L'énorme consommation énergétique des humains ne fait aucun doute lorsque les astronautes de la Station spatiale internationale observent la Terre durant la nuit.

L'énorme consommation énergétique des humains ne fait aucun doute lorsque les astronautes de la Station spatiale internationale observent la Terre durant la nuit.

Photo : NASA

Radio-Canada

Notre énorme besoin quotidien d'énergie à l'échelle mondiale est essentiellement fourni grâce aux sources traditionnelles que sont le pétrole, le charbon et le gaz naturel.
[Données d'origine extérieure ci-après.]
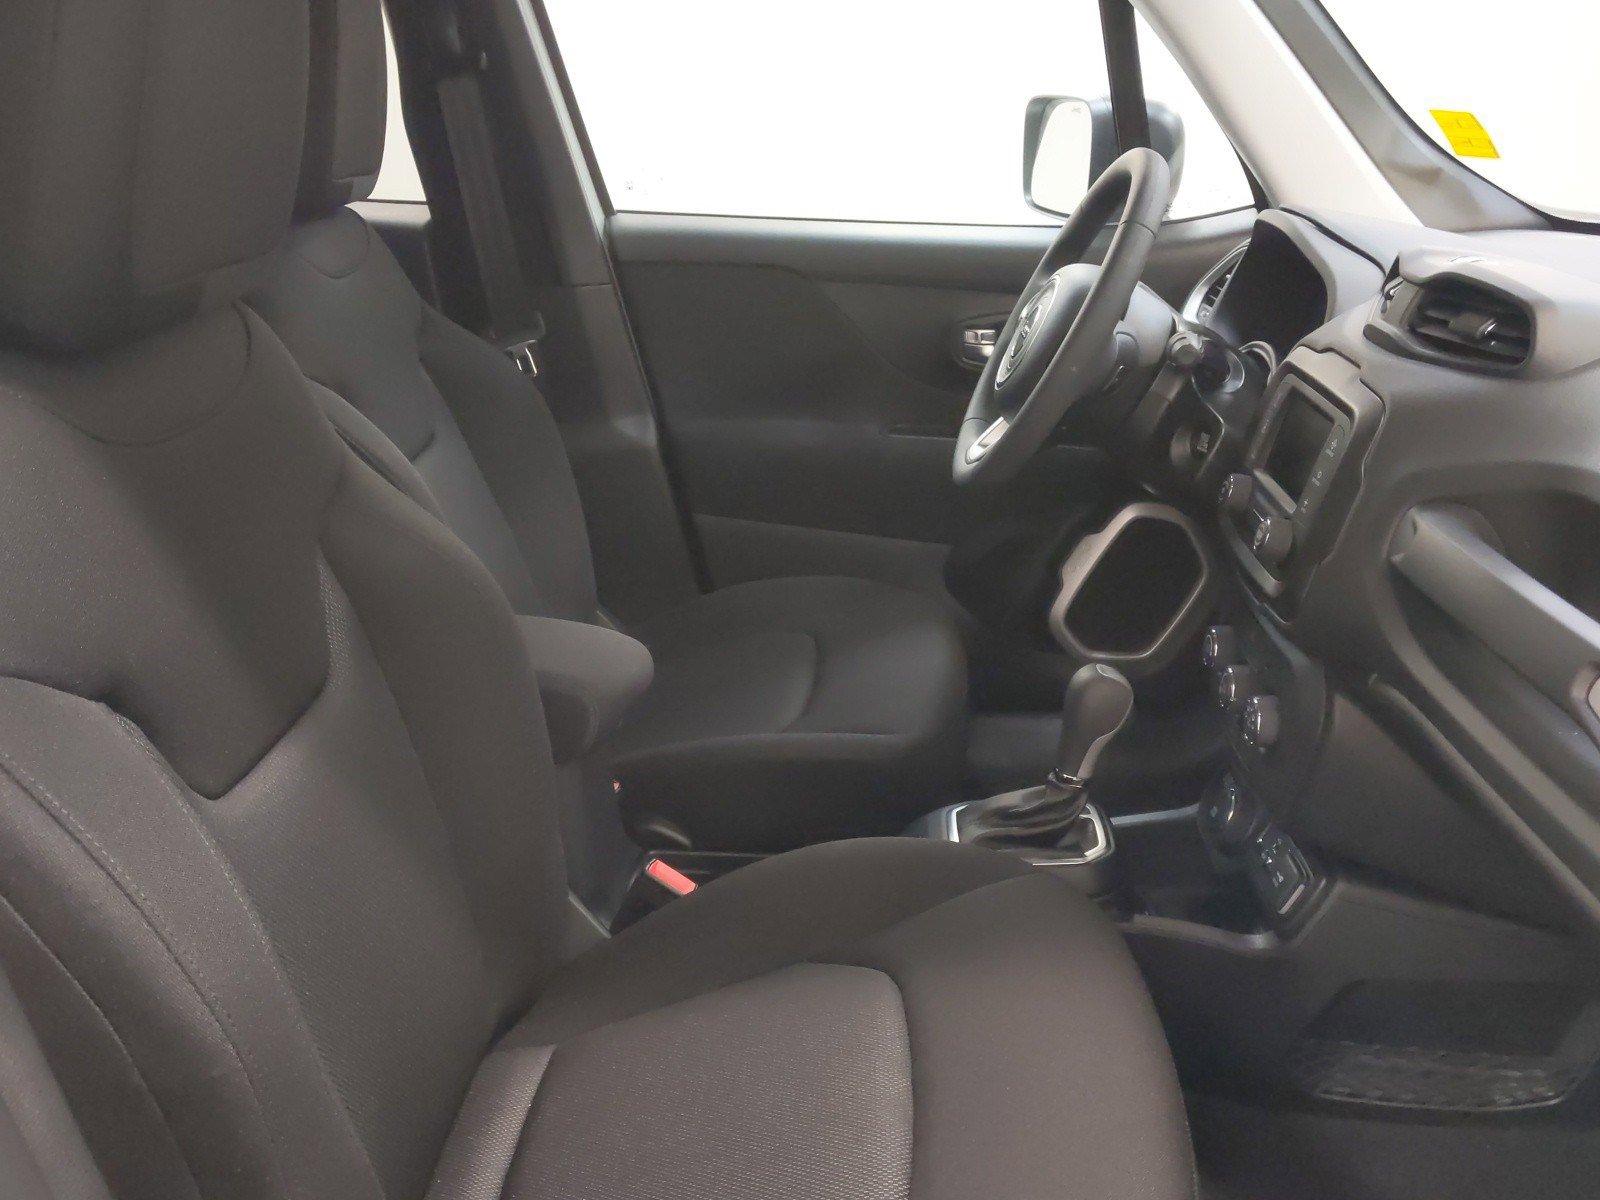 New 2020 Jeep Renegade Sport Sport Utility for sale in Grand Island NE

Pourcentage de la consommation énergétique fossile dans le mondeAgrandir l’image (Nouvelle fenêtre)

Pourcentage de la consommation énergétique fossile dans le monde

Photo : Découverte

Les sources d'énergies renouvelables, malgré leur récente popularité, sont encore très loin derrière : l'hydroélectricité fournit environ 7 % de nos besoins énergétiques, alors que le solaire, l'éolien et l'énergie géothermique peinent encore à s'imposer.

L'influence de la Chine et de l'Inde est aujourd'hui non négligeable : près de 90 % de la hausse de la demande mondiale en 2012 provient de ces deux pays. Les besoins en charbon de la Chine sont presque aussi grands que ceux de tous les autres pays du monde réunis.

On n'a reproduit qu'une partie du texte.